The USD/JPY pair held on to its gains beyond the 114.00 handle, albeit has retreated few pips from fresh two-month tops touched in the past hour.
A modest pull-back in the US Treasury bond yields seems to be only factor failing to provide any fresh bullish impetus for the US Dollar and assist the pair in building on to its strong gains beyond May monthly highs resistance near 114.35-40 region.
• USD/JPY scope for a test of 114.35 – UOB
However, the prevalent risk-on environment, as depicted by strong gains in global equity markets, was seen weighing on the Japanese Yen's safe-haven appeal. This accompanied with today's dovish comments by the BoJ Governor Haruhiko Kuroda and prospects of additional Fed rate hike action this year remained supportive of the strong bid tone surrounding the major.

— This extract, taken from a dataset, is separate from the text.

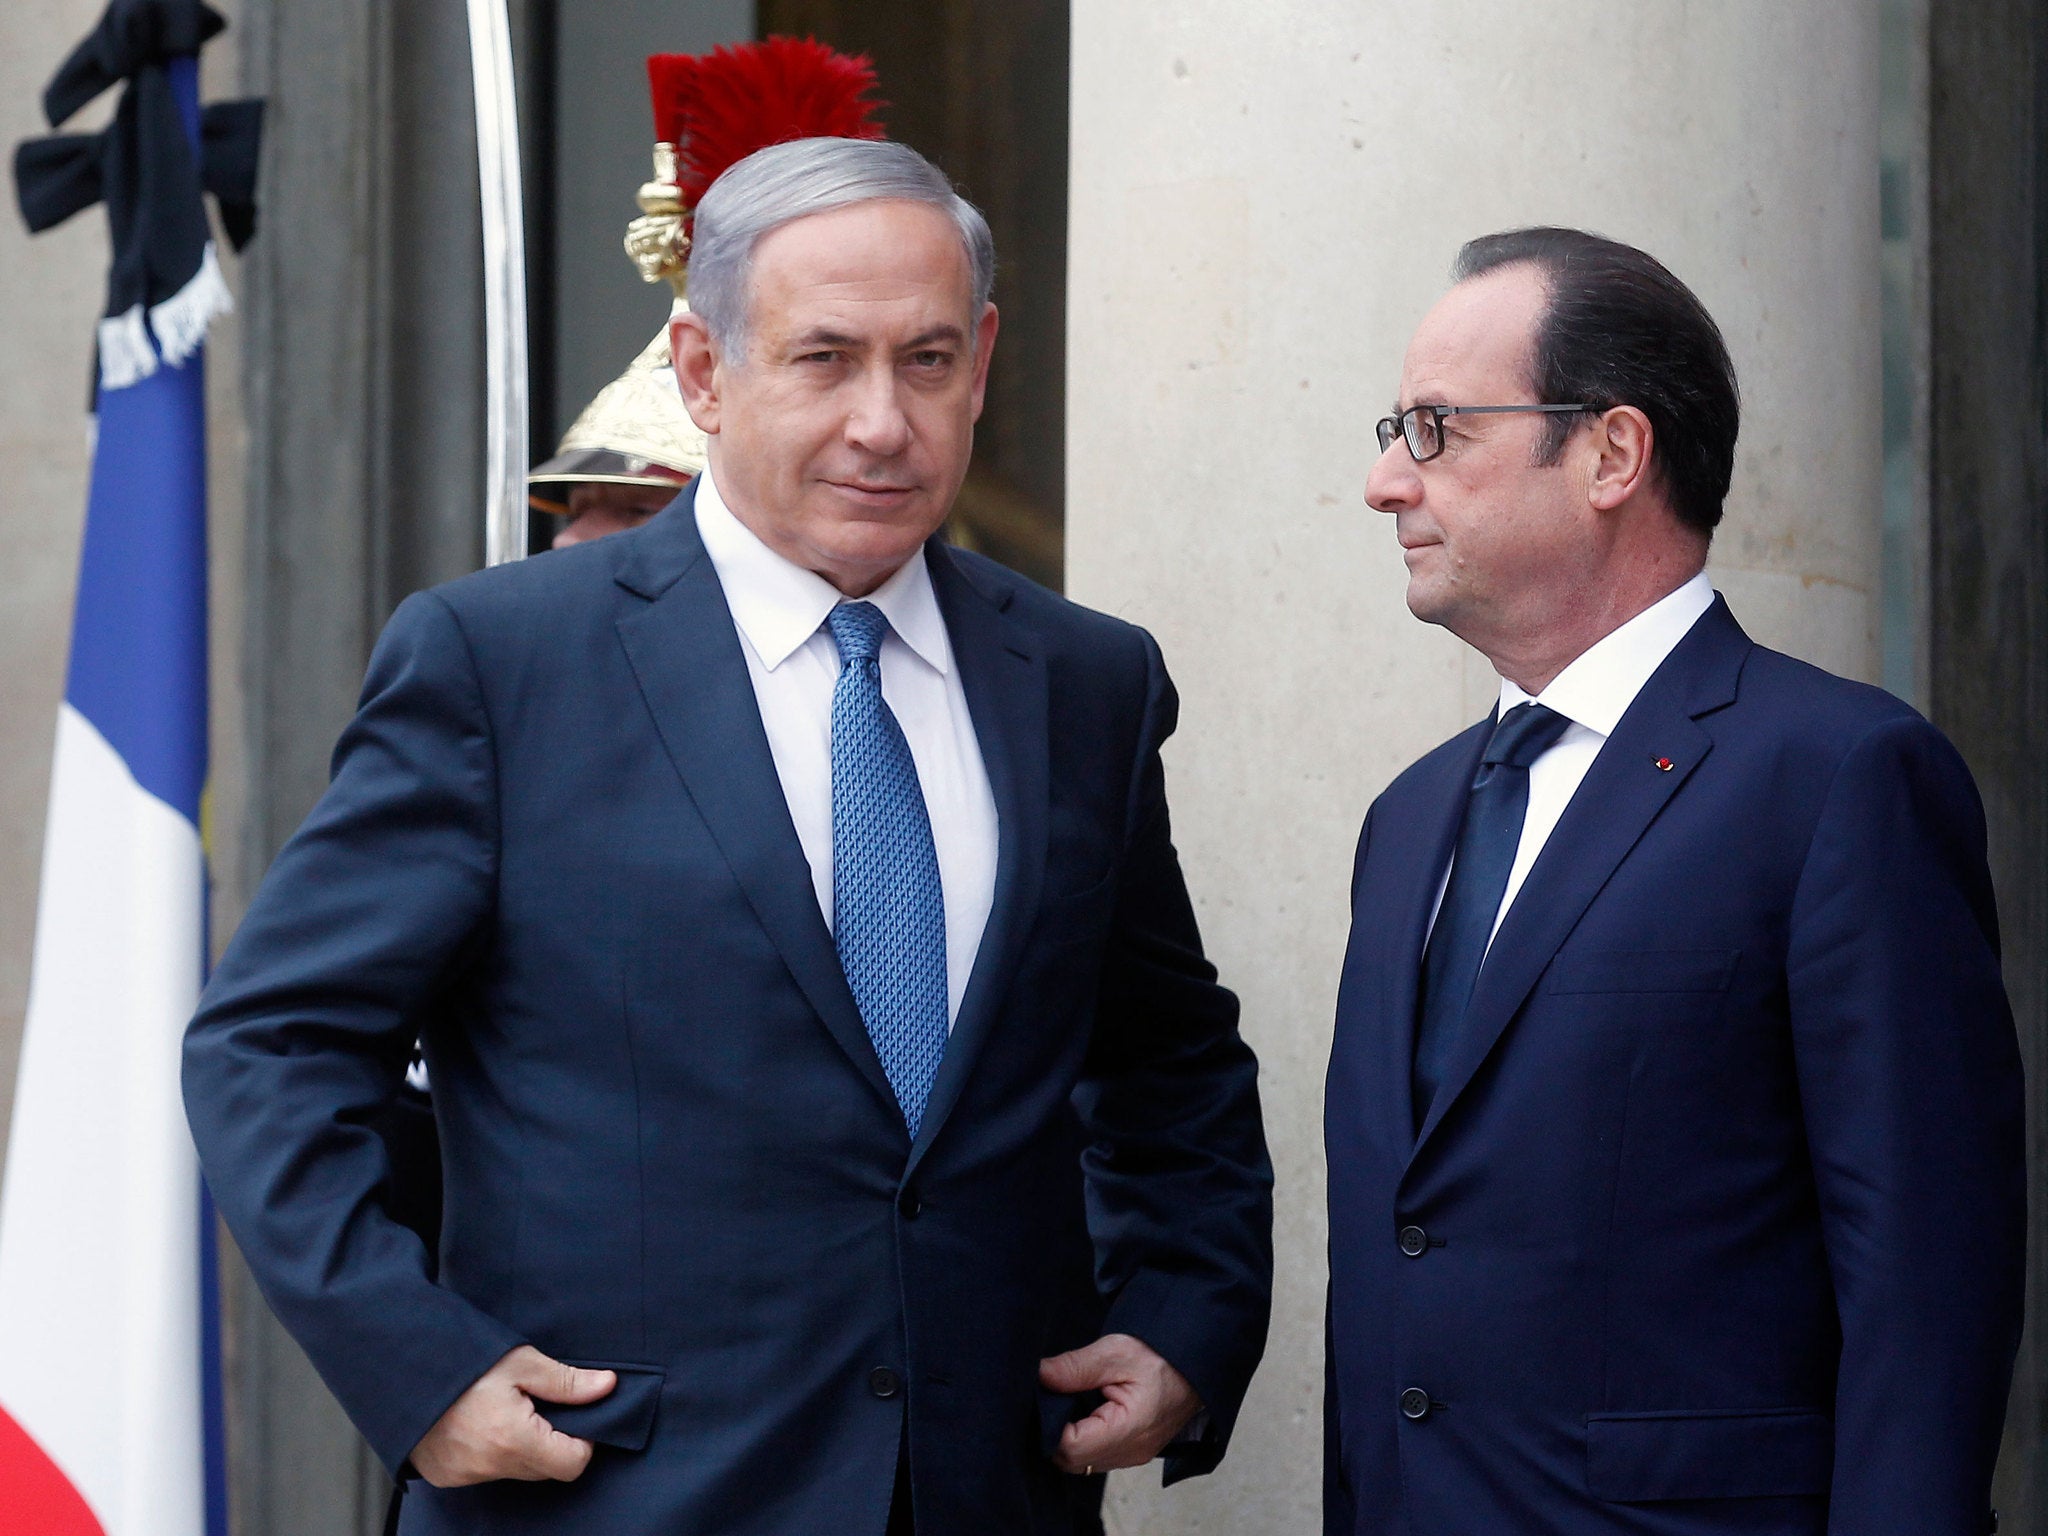 Israeli Prime Minister Benjamin Netanyahu with French President Francois Hollande ahead of the Paris march in solidarity with Charlie Hebdo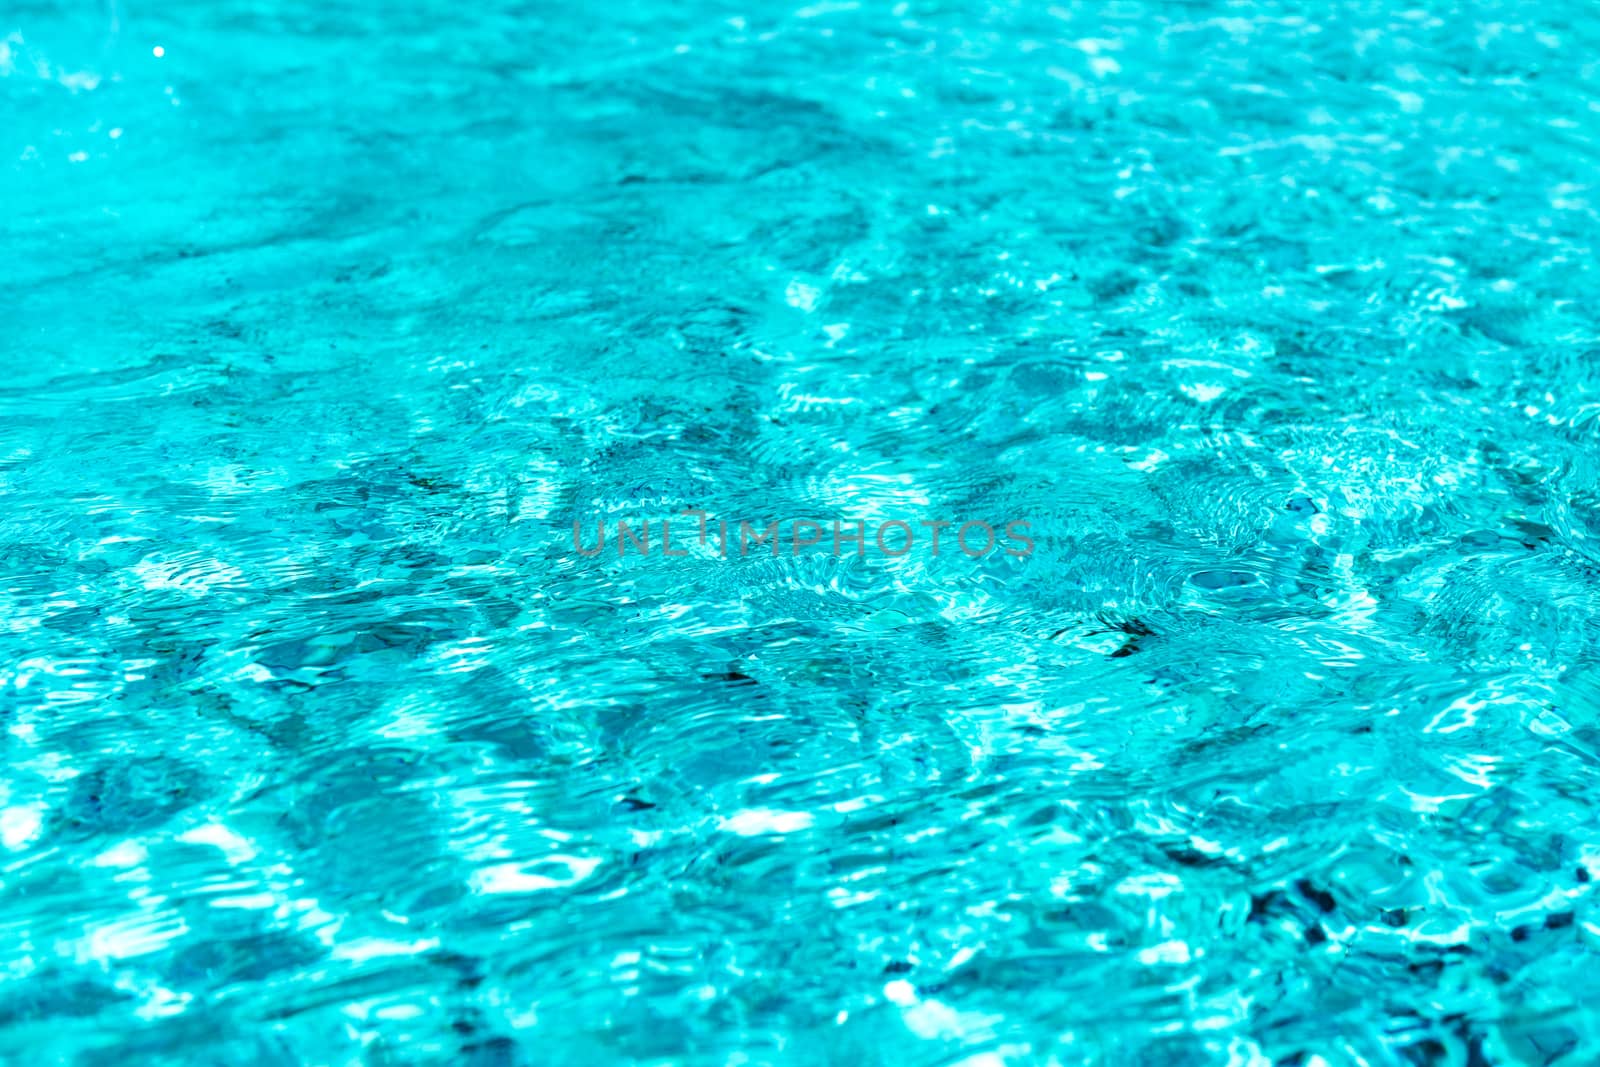 Wavy water surface by wdnet_studio

In absence of any major market moving economic releases from the US, broader market risk sentiment and the US bond yield dynamics would remain key determinants of the pair's movement at the start of a new trading week.
Technical levels to watch
A strong follow through buying interest beyond the 114.35-40 immediate resistance has the potential to continue boosting the pair further towards the key 115.00 psychological mark en-route its next major hurdle near 115.30-35 region.
On the downside, retracement back below the 114.00 handle, leading to a subsequent drop below the 113.70 level, could drag the pair back towards a short-term ascending trend-line resistance breakpoint, now turned support near 113.25-20 region.